Items listed in a dataset
┄┄┄┄┄┄┄┄┄┄┄┄┄┄┄┄┄┄┄┄
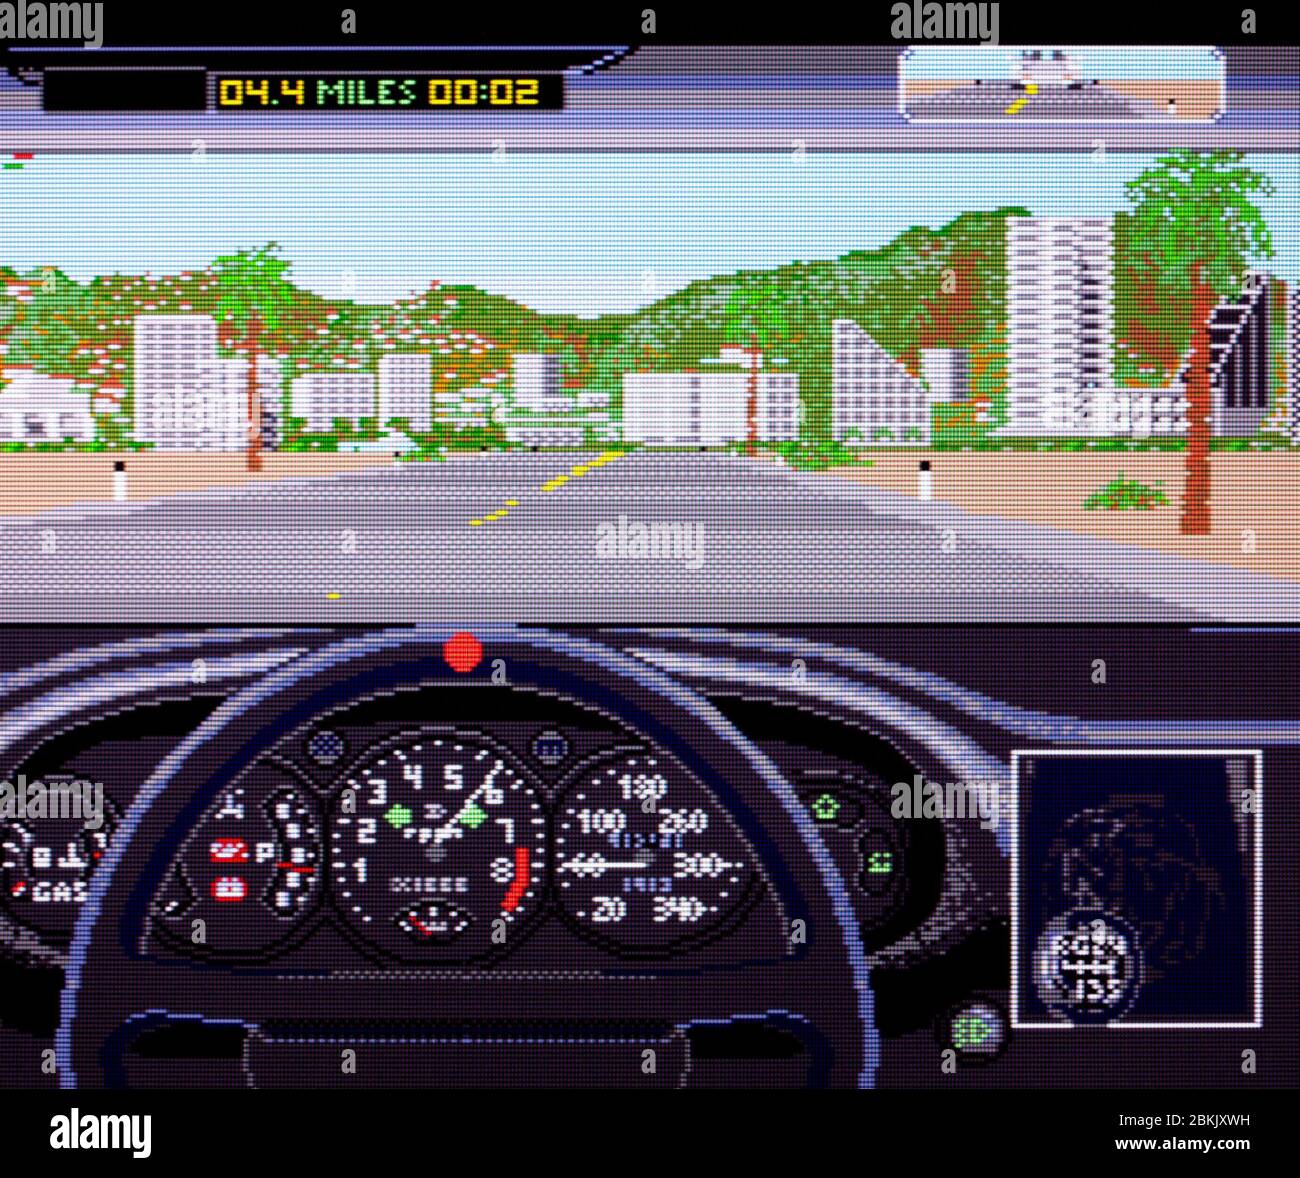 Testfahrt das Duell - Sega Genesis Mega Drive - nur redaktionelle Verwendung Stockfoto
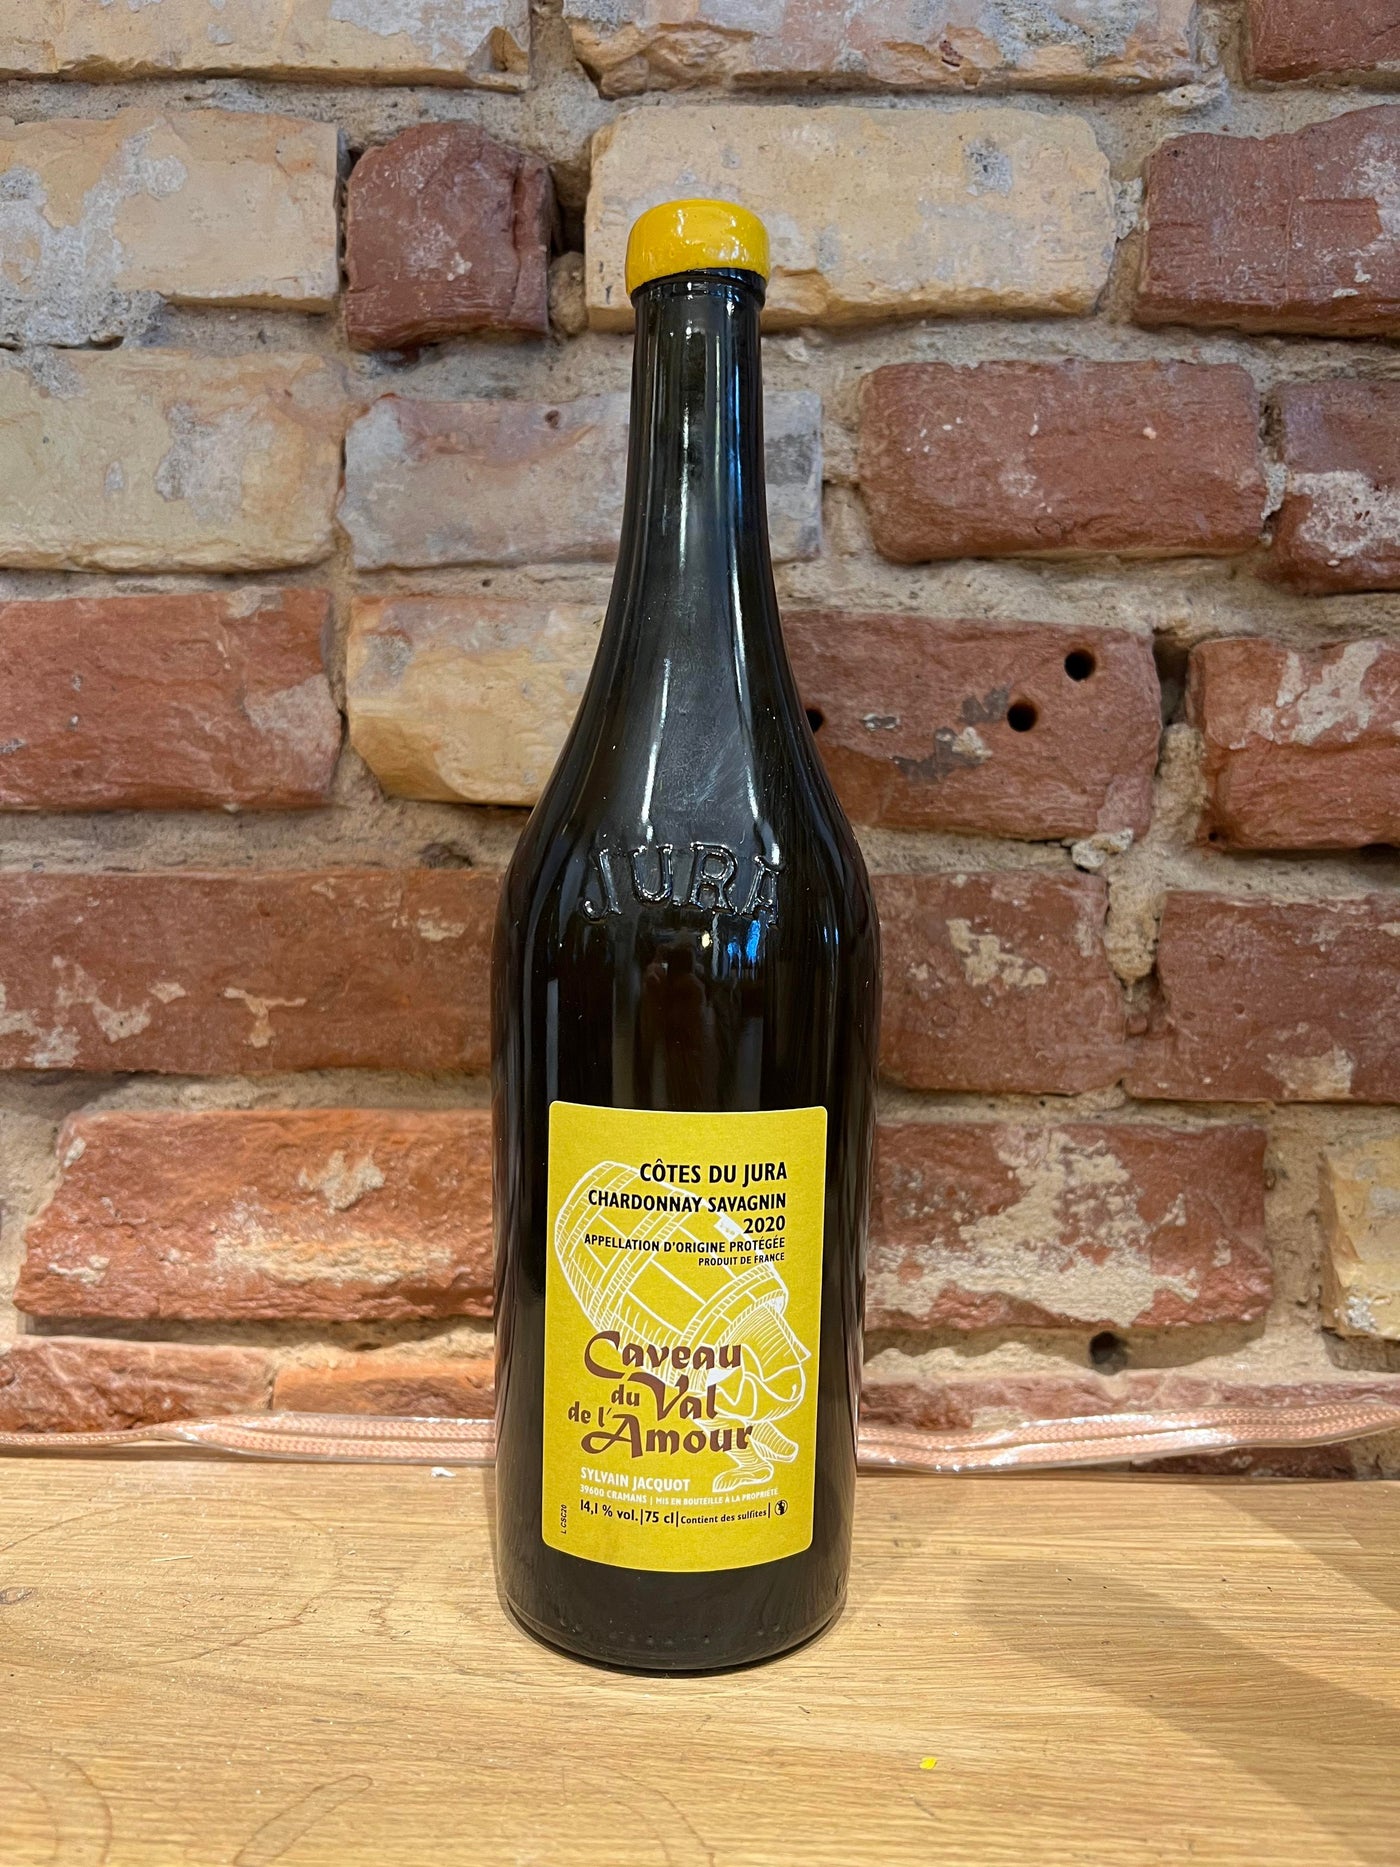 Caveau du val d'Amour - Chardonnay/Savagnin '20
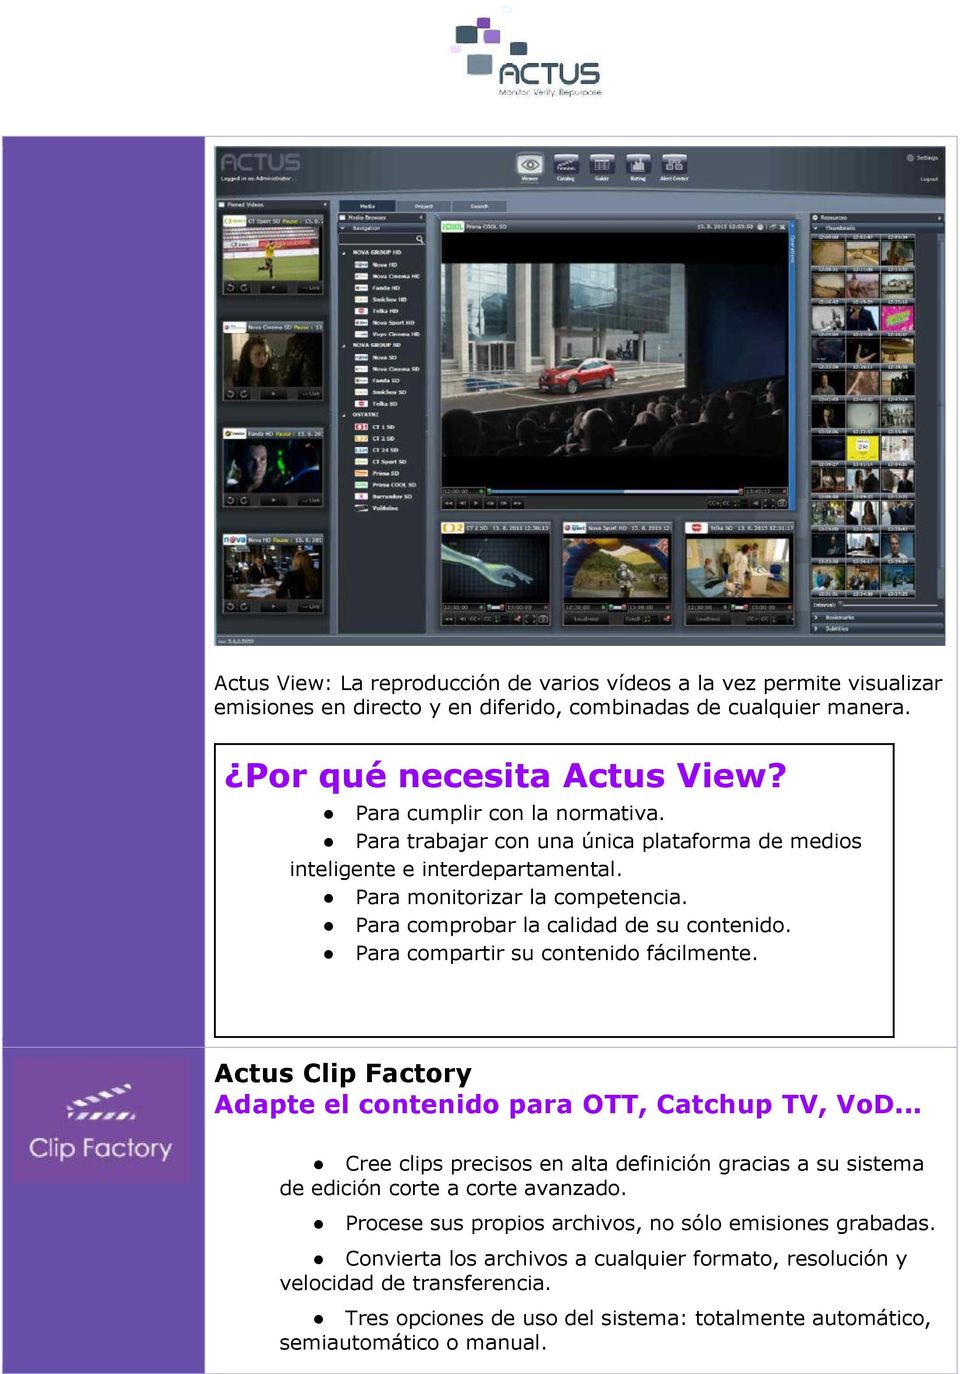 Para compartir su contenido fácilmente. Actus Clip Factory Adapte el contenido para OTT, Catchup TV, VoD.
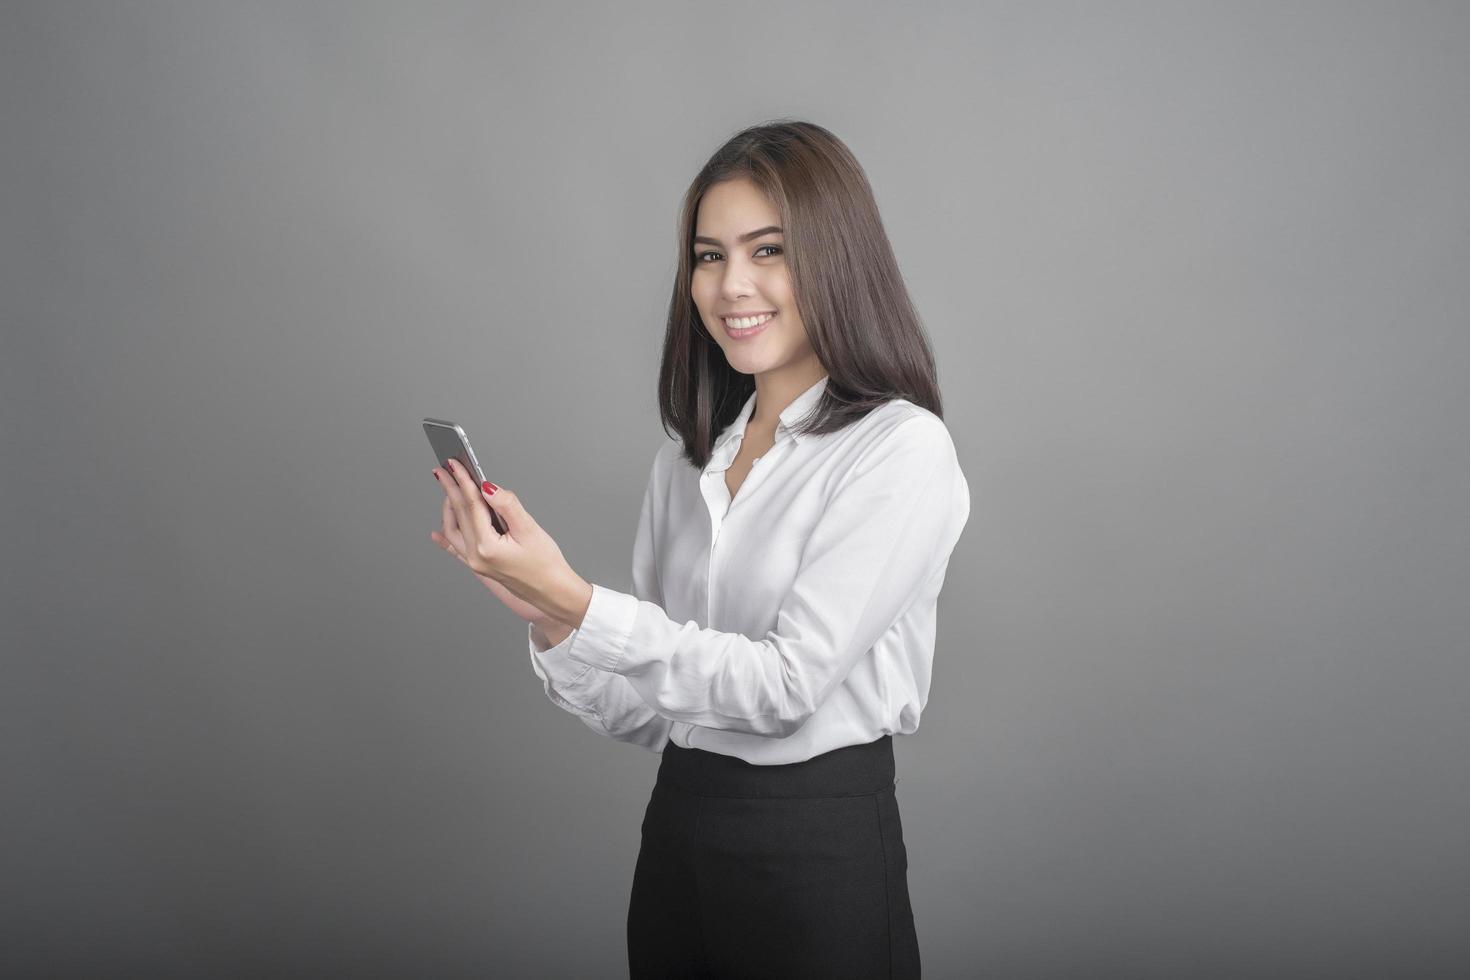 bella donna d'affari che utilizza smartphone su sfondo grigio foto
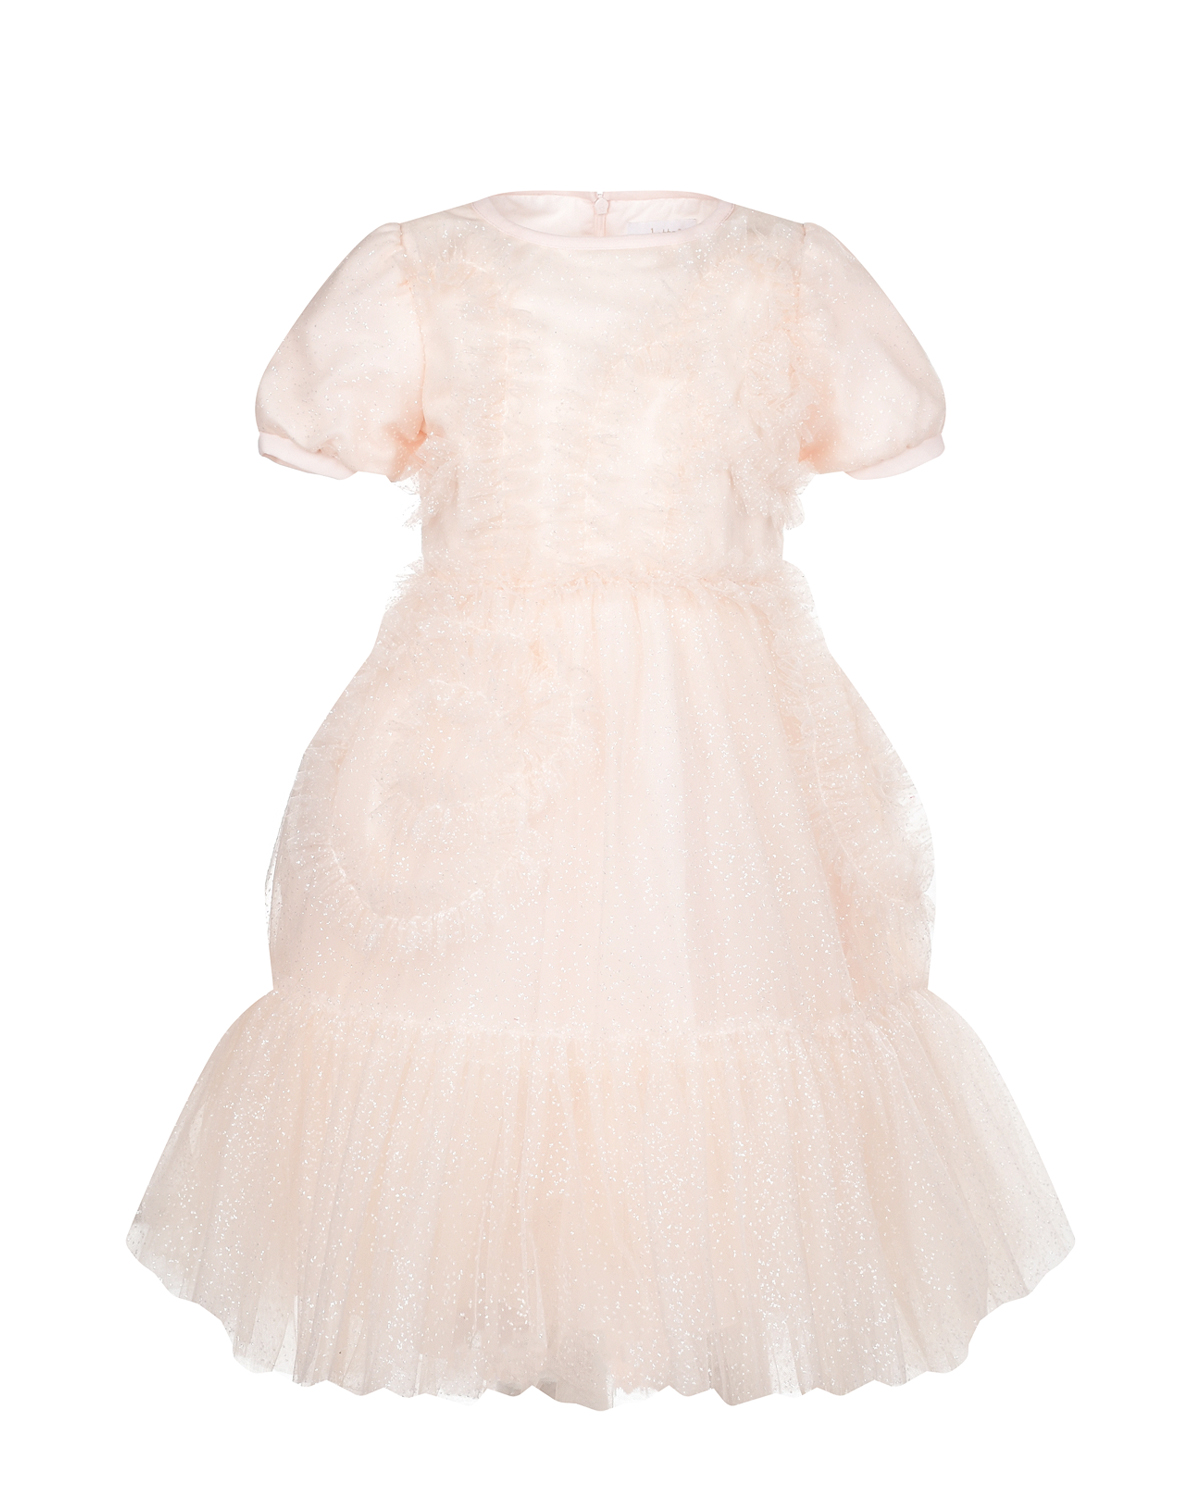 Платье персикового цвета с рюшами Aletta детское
┄┄┄┄┄┄┄┄┄┄┄┄┄┄┄┄┄┄┄┄
Work instruction: Output the data exactly, pictures omitted.

Solved exercise:
 Testfahrt das Duell - Sega Genesis Mega Drive - nur redaktionelle Verwendung Stockfoto
 Caveau du val d'Amour - Chardonnay/Savagnin '20
 Para compartir su contenido fácilmente. Actus Clip Factory Adapte el contenido para OTT, Catchup TV, VoD.
 bella donna d'affari che utilizza smartphone su sfondo grigio foto
 Платье персикового цвета с рюшами Aletta детское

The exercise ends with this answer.